Overview
The Plecoptera is a small order of aquatic insects with a world total of little more than 2000 species. They occur across all continents except Antarctica and from sea level to an altitude of about 5600 m (in the Himalayas). They are soft bodied, four-winged, rather uniform in appearance and vary in length from 4 to 50 mm. Adults of most species are fully winged (maximum wing span about 110 mm); some are brachypterous and apterous forms are known in several genera.
Plecoptera are superficially similar to and share some primitive character states with Orthoptera and Embioptera. They differ from Orthoptera in wing venation and in the more equal texture of fore and hind wings, by having only three tarsal segments, and by usually having aquatic larvae with tracheal gills. They can be distinguished from Embioptera by their unspecialised fore tarsi, distinctive wing venation, mouth-parts structure and by having ocelli. Plecoptera do not show close phylogenetic relationships with any other neopterous group and possibly they are the sister group of the Neoptera as a whole.

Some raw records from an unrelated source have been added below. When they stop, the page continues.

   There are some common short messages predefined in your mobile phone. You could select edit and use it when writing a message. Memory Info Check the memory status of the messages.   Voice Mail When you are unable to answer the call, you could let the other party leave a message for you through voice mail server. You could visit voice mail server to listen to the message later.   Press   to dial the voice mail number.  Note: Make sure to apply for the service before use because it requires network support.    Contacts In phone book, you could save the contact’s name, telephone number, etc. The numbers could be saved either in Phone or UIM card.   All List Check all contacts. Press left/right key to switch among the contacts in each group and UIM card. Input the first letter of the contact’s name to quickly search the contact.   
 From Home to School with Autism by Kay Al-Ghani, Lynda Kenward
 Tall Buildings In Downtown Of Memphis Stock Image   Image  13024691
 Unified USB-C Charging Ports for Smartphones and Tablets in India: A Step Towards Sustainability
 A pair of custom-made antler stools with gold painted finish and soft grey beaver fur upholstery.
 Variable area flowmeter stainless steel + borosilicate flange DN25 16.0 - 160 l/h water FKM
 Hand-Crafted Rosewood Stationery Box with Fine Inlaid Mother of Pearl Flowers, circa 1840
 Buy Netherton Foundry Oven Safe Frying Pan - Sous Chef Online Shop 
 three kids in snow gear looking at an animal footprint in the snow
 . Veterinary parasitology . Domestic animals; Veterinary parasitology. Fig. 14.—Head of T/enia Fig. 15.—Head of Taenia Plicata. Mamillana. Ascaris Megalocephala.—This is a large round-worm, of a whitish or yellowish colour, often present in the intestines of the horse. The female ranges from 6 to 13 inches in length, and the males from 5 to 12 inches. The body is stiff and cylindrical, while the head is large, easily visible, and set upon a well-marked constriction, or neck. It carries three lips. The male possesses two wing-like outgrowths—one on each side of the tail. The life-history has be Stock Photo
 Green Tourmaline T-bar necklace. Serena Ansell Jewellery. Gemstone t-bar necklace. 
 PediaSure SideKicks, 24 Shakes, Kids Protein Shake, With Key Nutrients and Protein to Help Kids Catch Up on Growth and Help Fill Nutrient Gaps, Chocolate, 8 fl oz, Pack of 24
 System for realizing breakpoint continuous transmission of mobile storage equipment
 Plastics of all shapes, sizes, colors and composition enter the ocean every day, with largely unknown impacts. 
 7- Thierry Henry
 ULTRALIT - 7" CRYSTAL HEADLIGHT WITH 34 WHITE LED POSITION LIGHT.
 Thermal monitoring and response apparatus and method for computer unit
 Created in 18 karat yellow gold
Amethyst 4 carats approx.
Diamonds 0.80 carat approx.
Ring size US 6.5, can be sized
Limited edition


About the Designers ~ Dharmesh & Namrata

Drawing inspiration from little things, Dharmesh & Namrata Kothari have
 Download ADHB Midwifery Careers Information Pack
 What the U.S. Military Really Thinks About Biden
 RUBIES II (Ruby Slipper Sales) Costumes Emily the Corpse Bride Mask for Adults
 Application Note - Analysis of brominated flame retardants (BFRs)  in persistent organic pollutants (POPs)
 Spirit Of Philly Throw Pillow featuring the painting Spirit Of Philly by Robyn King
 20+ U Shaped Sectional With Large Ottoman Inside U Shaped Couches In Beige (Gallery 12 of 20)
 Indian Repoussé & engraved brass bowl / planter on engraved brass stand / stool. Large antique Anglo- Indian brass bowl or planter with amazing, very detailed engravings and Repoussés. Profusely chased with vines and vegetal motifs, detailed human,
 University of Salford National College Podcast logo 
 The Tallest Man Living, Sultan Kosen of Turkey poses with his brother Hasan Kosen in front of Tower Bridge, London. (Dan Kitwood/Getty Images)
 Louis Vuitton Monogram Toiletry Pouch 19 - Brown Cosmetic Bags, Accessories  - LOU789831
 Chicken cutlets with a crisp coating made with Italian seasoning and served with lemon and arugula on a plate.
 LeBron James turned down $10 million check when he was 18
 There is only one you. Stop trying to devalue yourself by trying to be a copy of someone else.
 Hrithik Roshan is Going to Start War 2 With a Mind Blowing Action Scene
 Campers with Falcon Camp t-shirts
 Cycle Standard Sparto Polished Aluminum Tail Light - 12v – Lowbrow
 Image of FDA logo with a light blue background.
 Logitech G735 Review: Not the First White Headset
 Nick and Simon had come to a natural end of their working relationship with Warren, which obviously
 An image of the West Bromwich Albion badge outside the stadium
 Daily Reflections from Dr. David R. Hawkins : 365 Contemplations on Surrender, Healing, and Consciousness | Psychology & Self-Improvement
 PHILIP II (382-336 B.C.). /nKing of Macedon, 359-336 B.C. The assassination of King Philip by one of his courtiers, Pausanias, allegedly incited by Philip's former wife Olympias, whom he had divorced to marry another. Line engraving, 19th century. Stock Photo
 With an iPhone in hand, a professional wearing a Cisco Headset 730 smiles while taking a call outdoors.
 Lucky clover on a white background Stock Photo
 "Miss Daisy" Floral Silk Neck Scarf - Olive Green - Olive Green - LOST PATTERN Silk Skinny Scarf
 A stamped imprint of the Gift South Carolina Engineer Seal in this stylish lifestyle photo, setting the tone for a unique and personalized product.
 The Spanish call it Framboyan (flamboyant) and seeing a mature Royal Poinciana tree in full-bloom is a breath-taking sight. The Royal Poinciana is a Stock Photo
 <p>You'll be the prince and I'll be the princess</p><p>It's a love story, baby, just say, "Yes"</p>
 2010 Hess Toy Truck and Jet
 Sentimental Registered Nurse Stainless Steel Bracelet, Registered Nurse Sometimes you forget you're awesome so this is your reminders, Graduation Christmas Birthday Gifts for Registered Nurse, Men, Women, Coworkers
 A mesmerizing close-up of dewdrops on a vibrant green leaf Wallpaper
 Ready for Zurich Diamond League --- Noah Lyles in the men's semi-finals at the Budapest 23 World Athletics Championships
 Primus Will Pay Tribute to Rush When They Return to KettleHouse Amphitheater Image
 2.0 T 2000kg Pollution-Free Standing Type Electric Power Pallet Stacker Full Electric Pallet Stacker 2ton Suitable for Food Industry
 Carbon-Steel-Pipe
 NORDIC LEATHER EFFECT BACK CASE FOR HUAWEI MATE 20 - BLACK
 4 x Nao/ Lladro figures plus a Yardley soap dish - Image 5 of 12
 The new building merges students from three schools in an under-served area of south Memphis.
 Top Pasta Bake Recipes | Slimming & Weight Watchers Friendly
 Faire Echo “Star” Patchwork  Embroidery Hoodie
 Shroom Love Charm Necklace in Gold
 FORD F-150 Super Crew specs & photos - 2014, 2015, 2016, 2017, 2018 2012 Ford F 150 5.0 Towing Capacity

The literature on world Plecoptera up to 1972 is covered in three catalogues (Claassen 1940; Illies 1966; Zwick 1973). Comprehensive treatments of parts of the Australian stonefly fauna are those of Hynes (1978) on the larvae of Vic., Hynes (1981, 1982) and Hynes and Bunn (1984) on larvae and adults of Tas. and W.A. and Theischinger and Cardale (1987) on the adults of all Australian species. Michaelis and Yule (1988) catalogued the Australian species.
Description
Mandibulate exopterygote Neoptera, with two, subequal pairs of membranous wings; larvae almost all aquatic.